As the Fed begins to ratchet down its key stimulus programme,India must brace for more volatility
The US Federal Reserve Chairman Ben Bernanke has indicated that the Fed would moderate its purchase of assets by later this year and quantitative easing would end in 2014. As the US economy has been recovering,there was a hint of tapering QE a few days ago in a speech,but his statement after the Federal Open Market Committee (FOMC) meeting was the first clear articulation with a time line that indicated that the Fed is now planning on tightening monetary policy.
When US interest rates fell to zero,or hit the zero lower bound,as economic jargon puts it,the Fed found new ways of easing monetary policy. Earlier,FOMC meetings would simply decide on whether or not to change interest rates,after reviewing inflation and employment in the US economy. But once interest rates were already at zero,and unemployment was high and inflation lower than the 2 per cent level,the question was how to further loosen monetary policy to help push economic activity when the instrument of interest rates was no longer available to the Fed. In this environment,the Fed,led by Bernanke,took the controversial decision of quantitative easing,or buying US treasuries,to increase the supply of money in the system. This was not a tried and tested instrument like interest rates,and its effectiveness as well as its side effects have caused much concern. The policy appears to have succeeded in pushing the US economy out of recession. There was also a lot of volatility in markets. India,for example,saw pressures on the rupee to appreciate and depreciate sharply during this period.
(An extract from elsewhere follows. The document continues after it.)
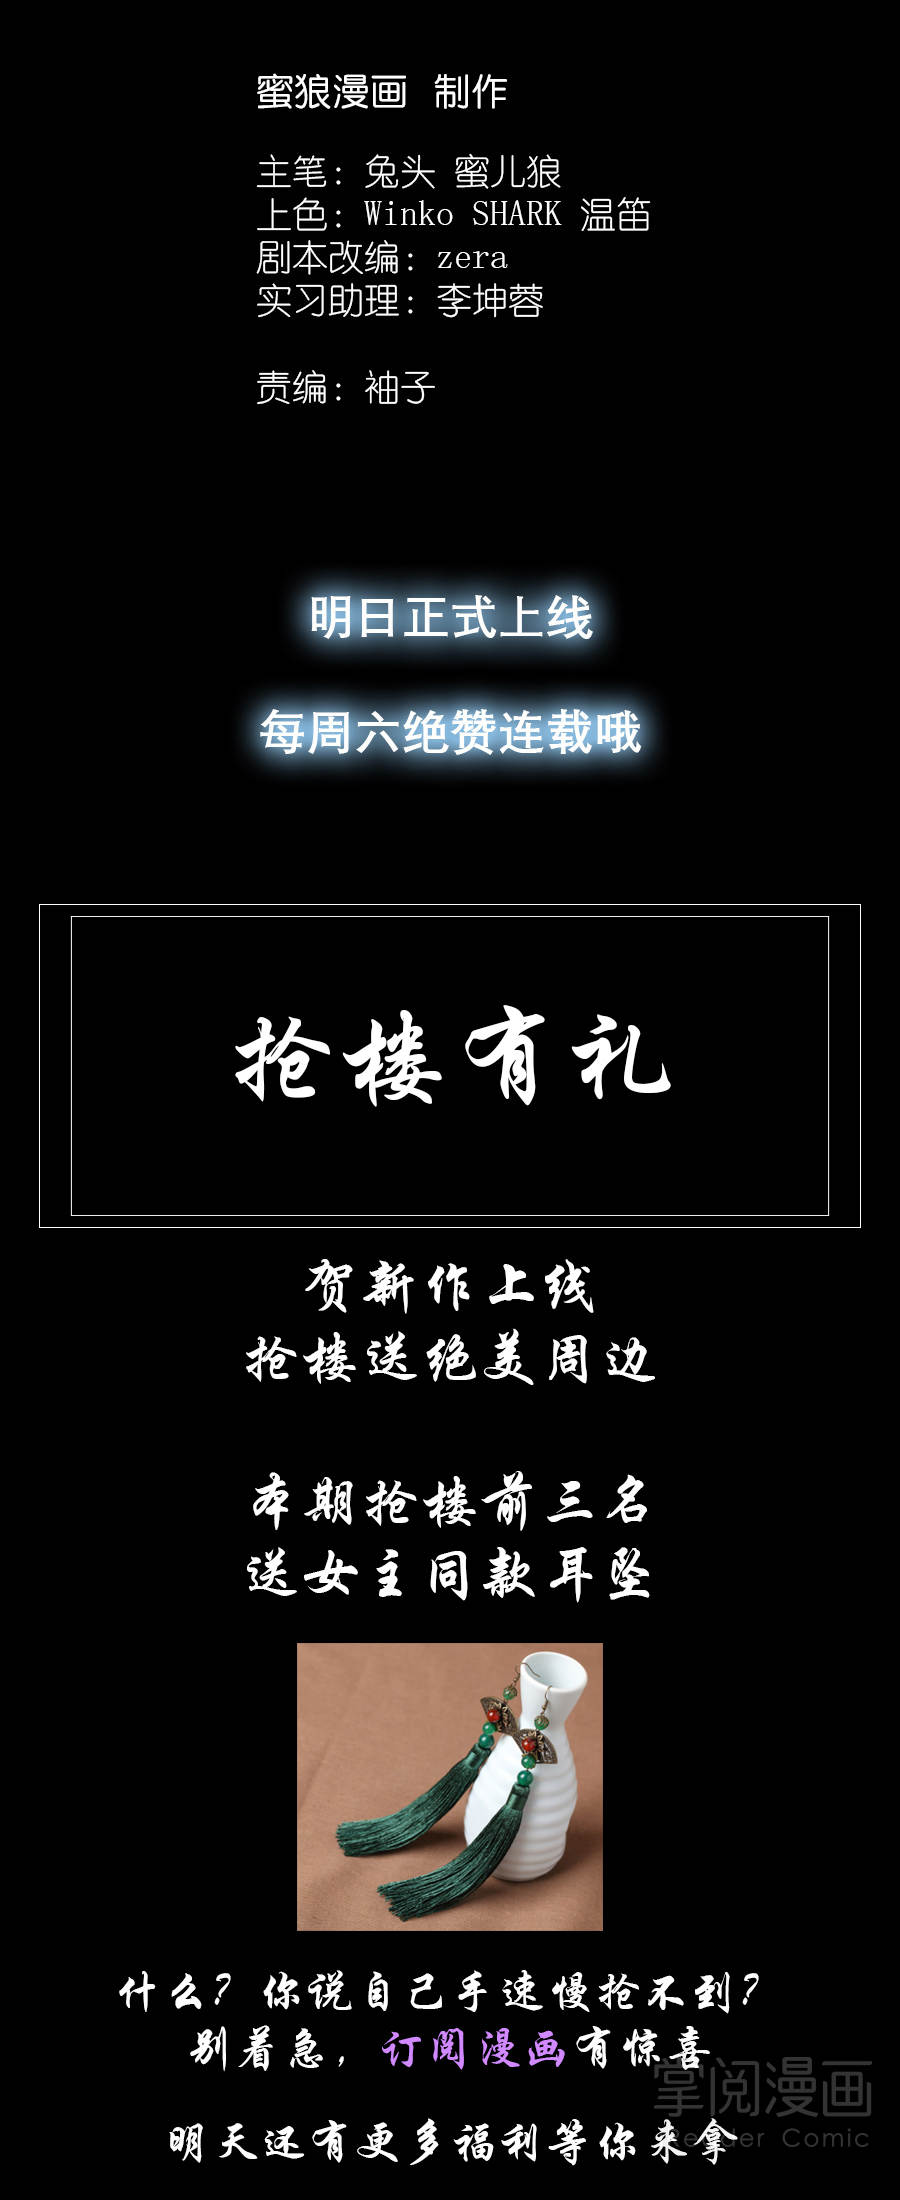 废柴逆天召唤师第1话  预告·快活便好 第 15
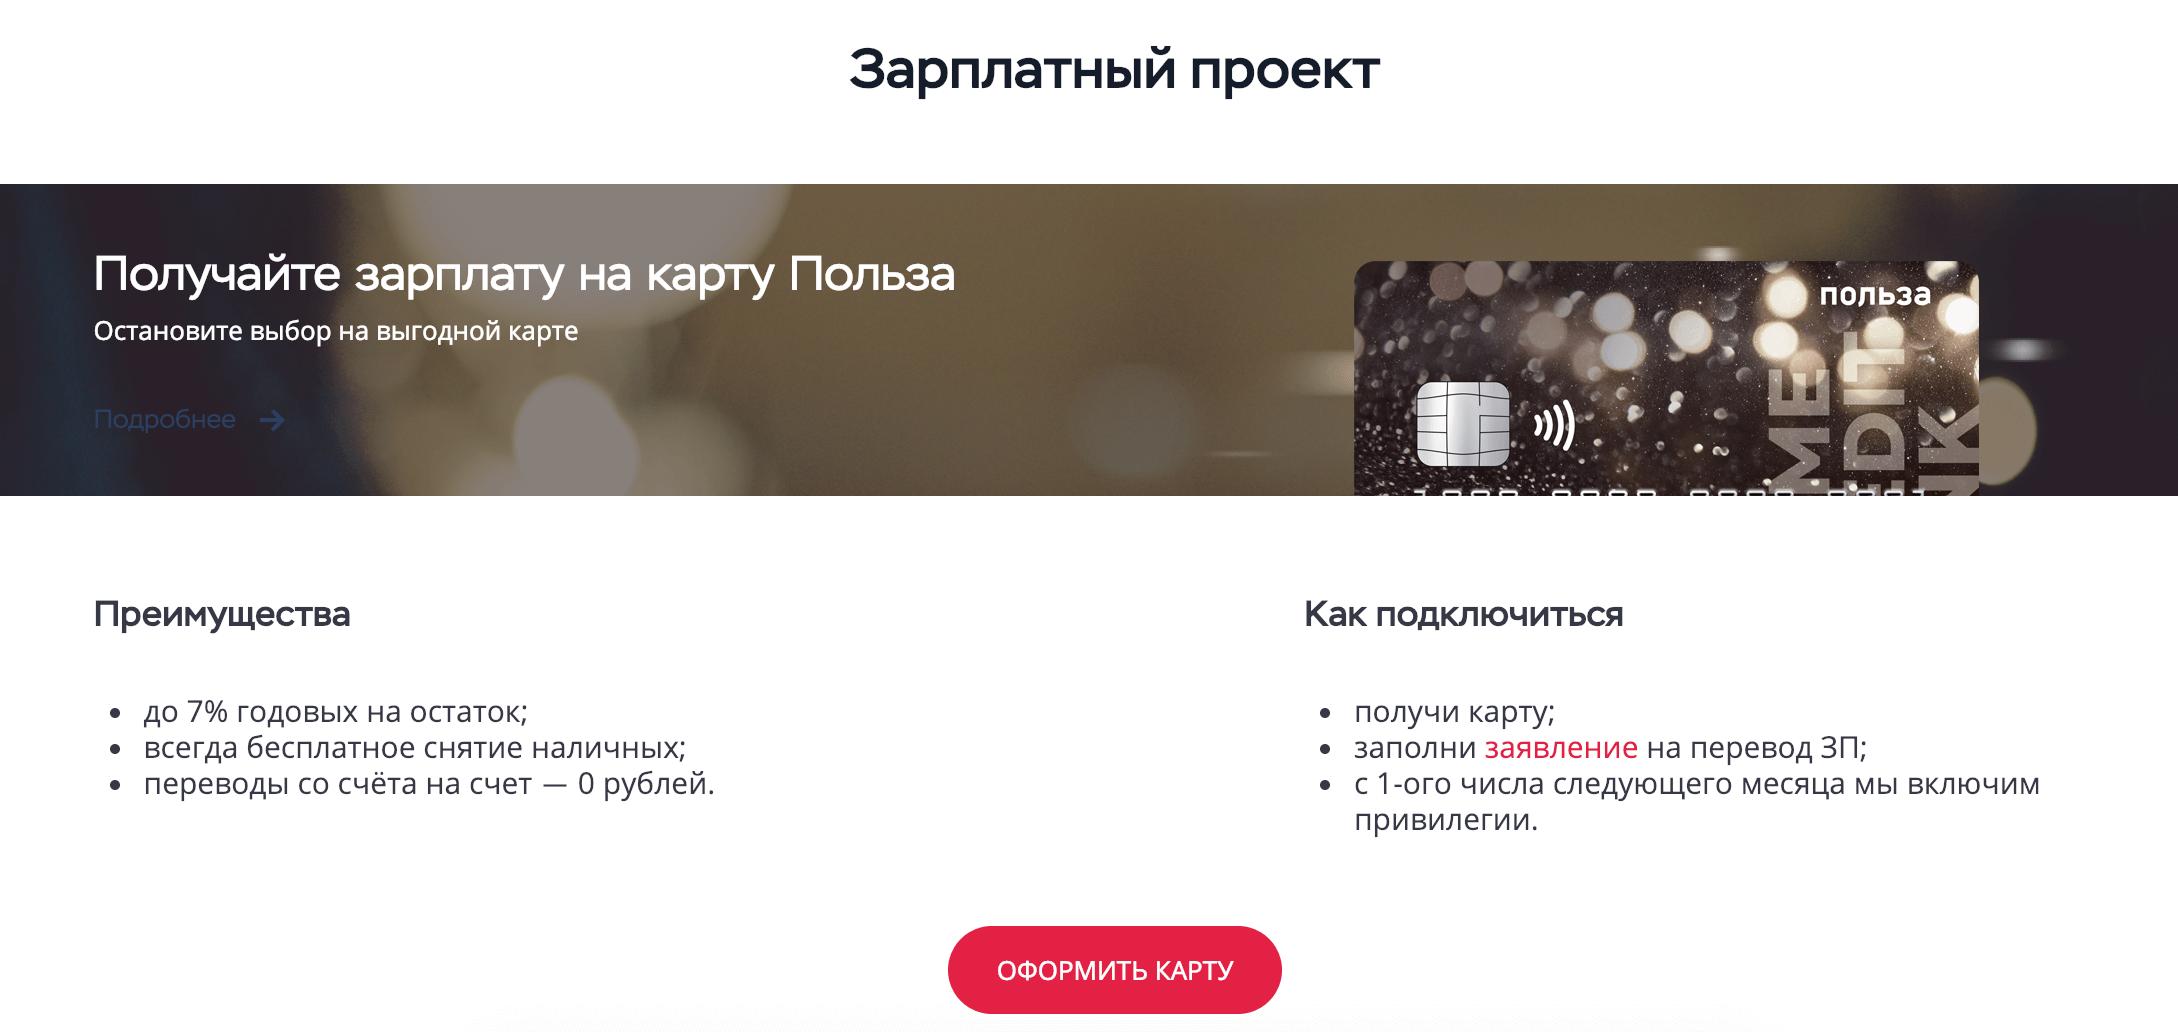 банк ренессанс кредит ярославль режим работы в праздники

The news of the winding down of the Feds QE programme has led to another round of return of capital to the US as the treasury will not be expected to yield a higher interest rate as rates in the US go up. Since that is considered the least risky asset in the portfolio a global investor,the rush to buy dollar assets translates into investors moving away from those in the emerging economies. There is very little that the Indian authorities can or should do in this situation other than warn people to expect high volatility. This is a global phenomenon much beyond the scope of the RBI. The next few months,till the Fed actually winds down QE,are expected to remain volatile. We need to be prepared for a global flow of capital to the US and a strengthening of the US dollar.